What you should do –
Starting at the line that contains "Gucci by Tom", return every line through the end of the data exactly, without pictures.

Material provided –
○ ○ ○ ○

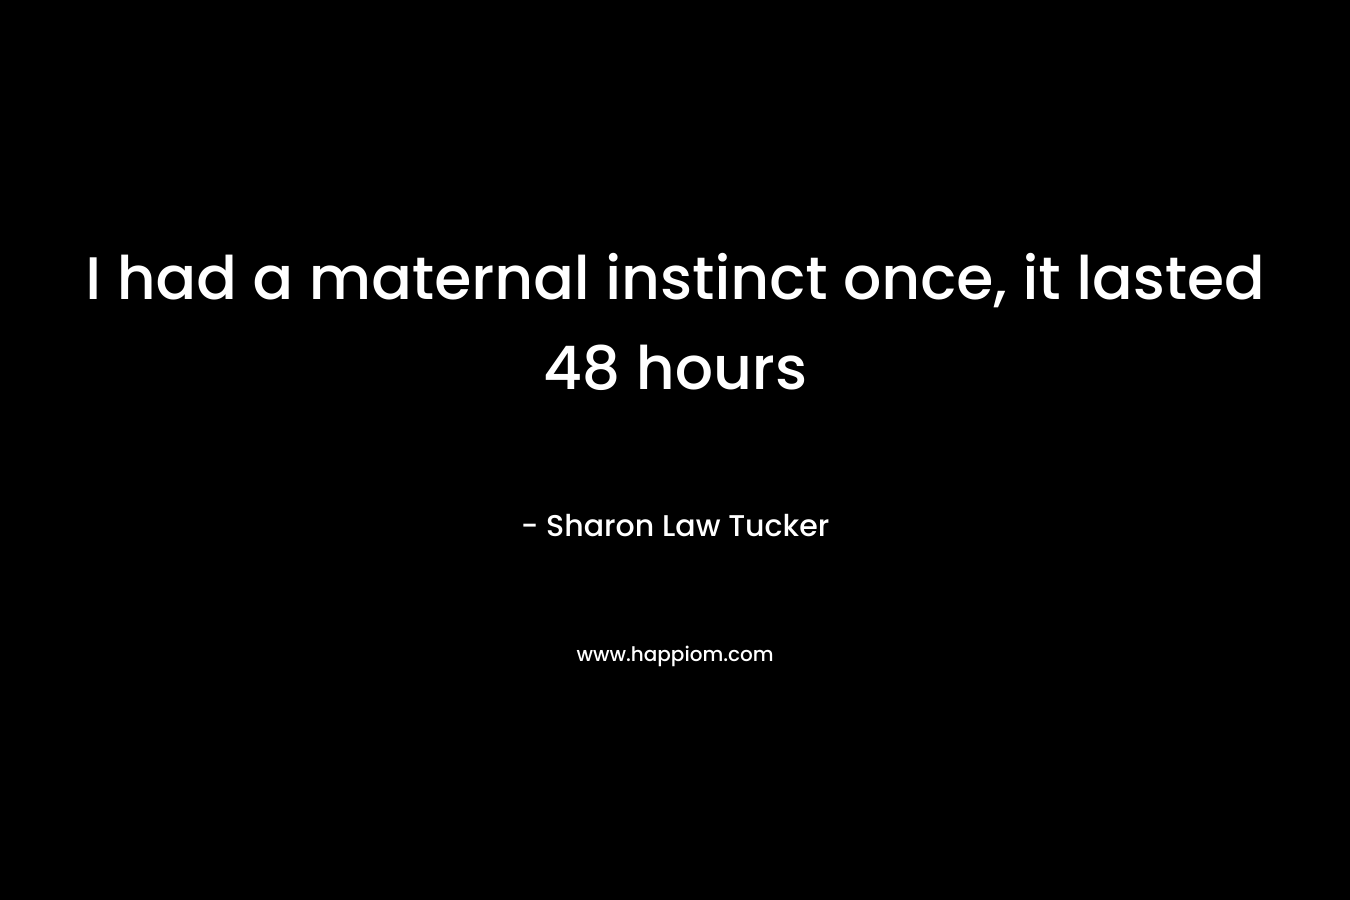 I had a maternal instinct once, it lasted 48 hours
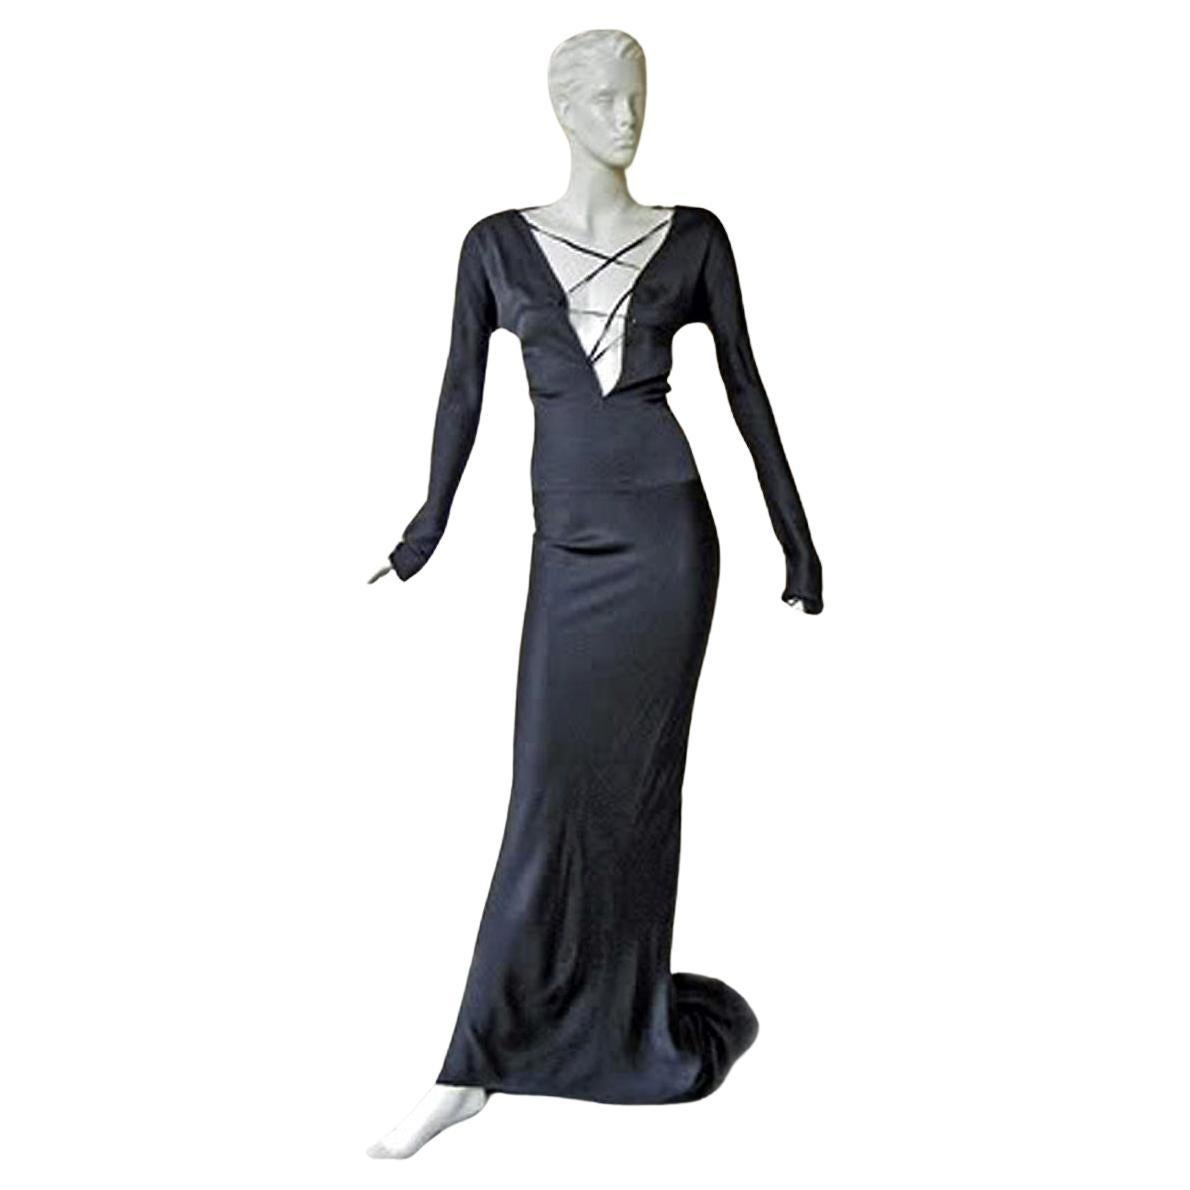 Gucci by Tom Ford 2002 Helen Hunt Dress Gown Worn on Red Carpet NWT! For Sale
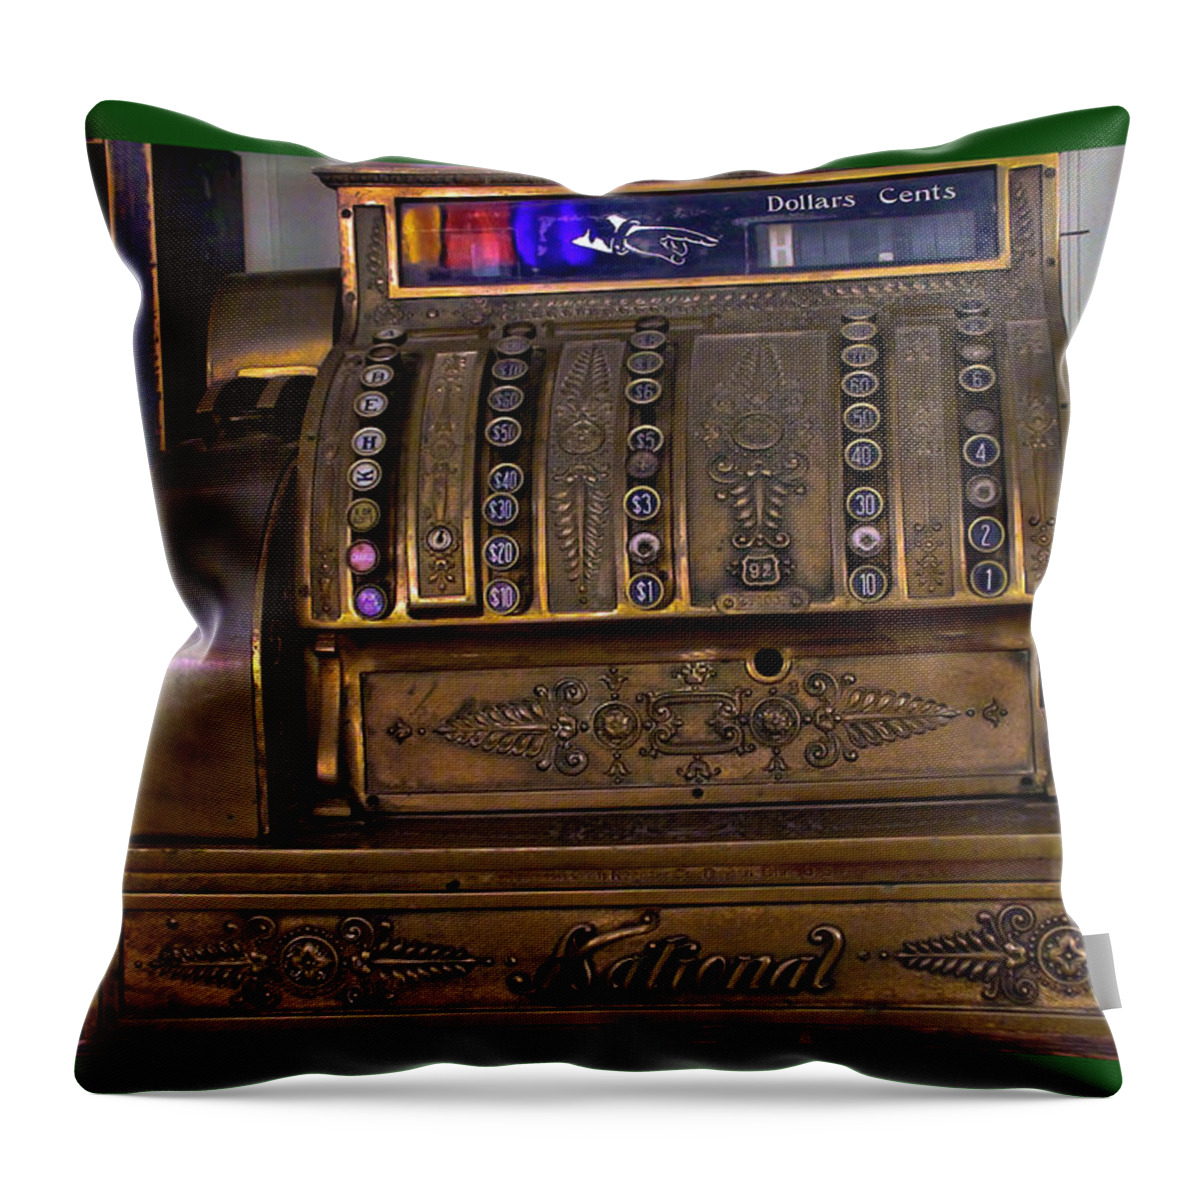 Copper Throw Pillow featuring the photograph The Old Copper Cash Machine by LeeAnn McLaneGoetz McLaneGoetzStudioLLCcom

○ ○ ○ ○

Written solution –
 Gucci by Tom Ford 2002 Helen Hunt Dress Gown Worn on Red Carpet NWT! For Sale
 Copper Throw Pillow featuring the photograph The Old Copper Cash Machine by LeeAnn McLaneGoetz McLaneGoetzStudioLLCcom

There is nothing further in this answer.